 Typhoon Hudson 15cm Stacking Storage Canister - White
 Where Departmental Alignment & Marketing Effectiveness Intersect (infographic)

...

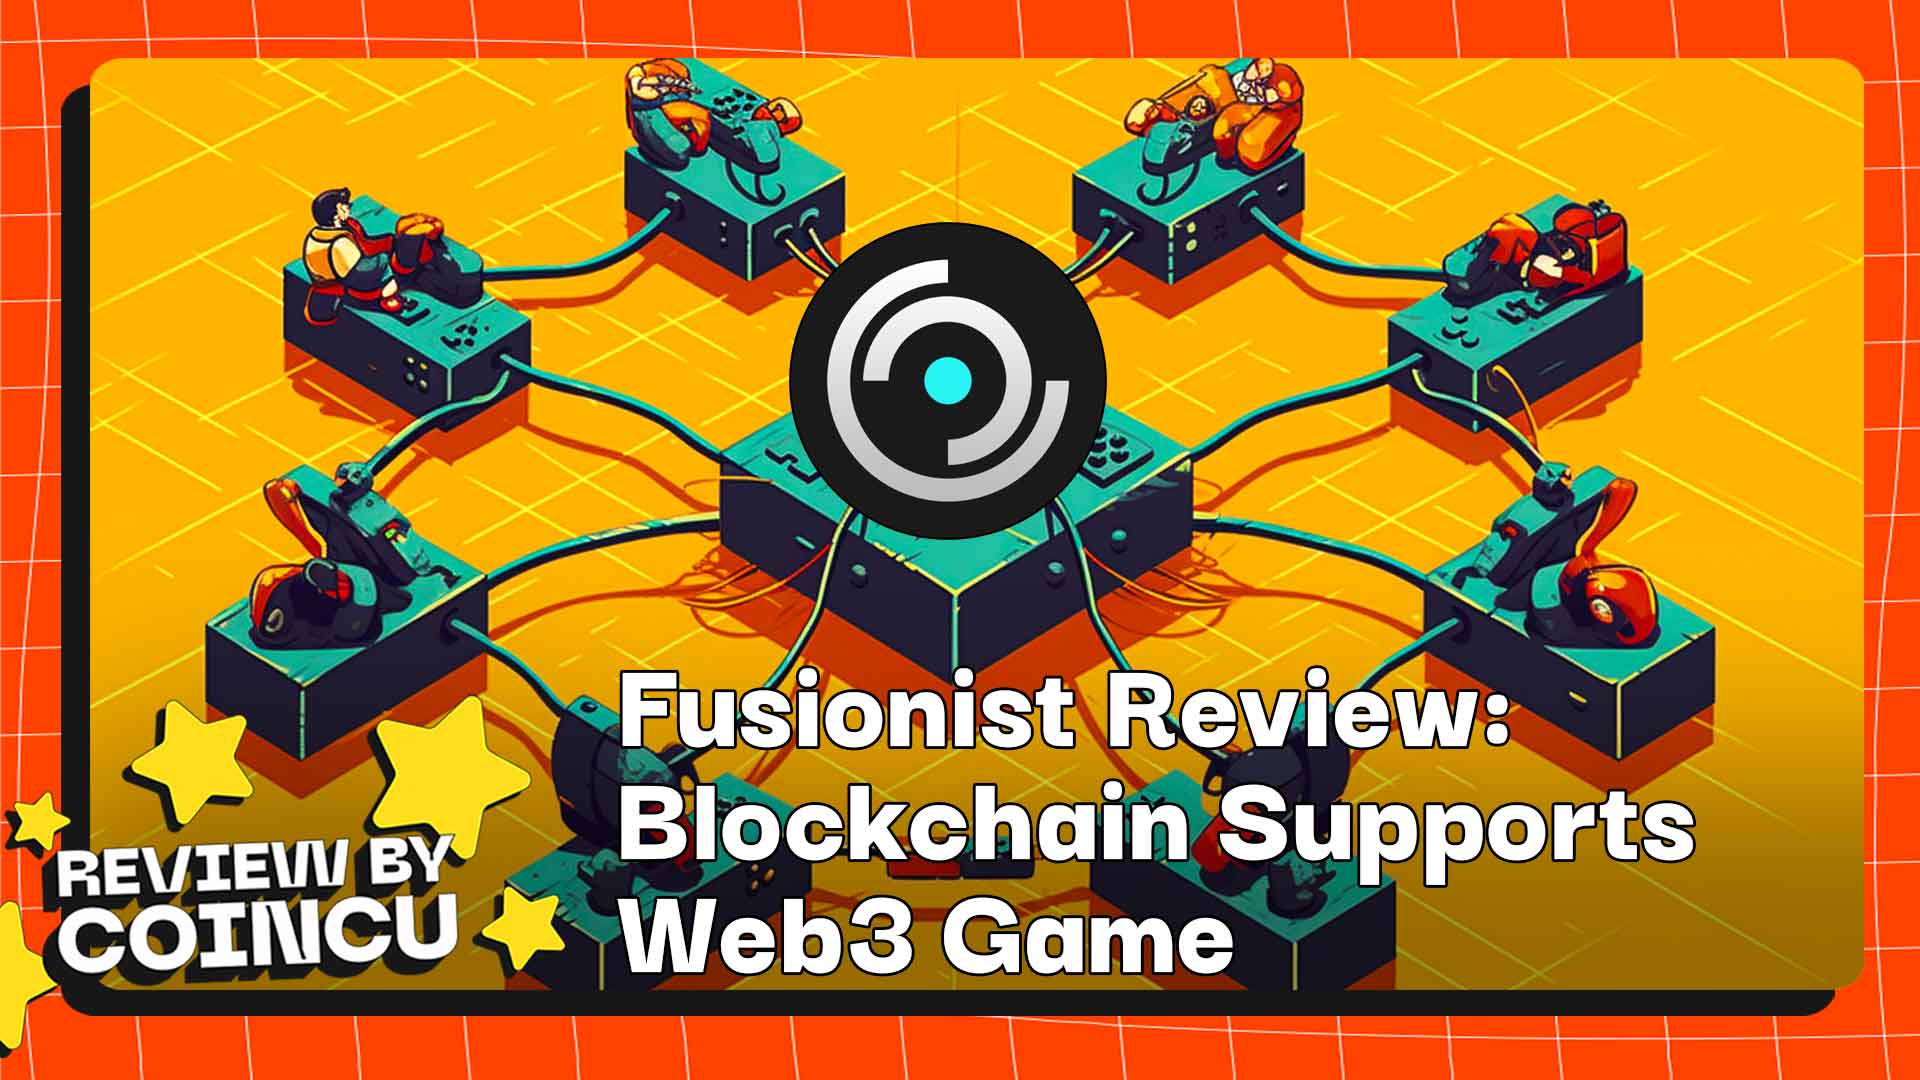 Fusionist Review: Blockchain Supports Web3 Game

* Your goal: The line above containing "Typhoon Hudson 15cm", the line containing "Where Departmental Alignment", and every line between them are to be transcribed exactly; no other line is wanted.

* Solution for this task:
 Typhoon Hudson 15cm Stacking Storage Canister - White
 Where Departmental Alignment & Marketing Effectiveness Intersect (infographic)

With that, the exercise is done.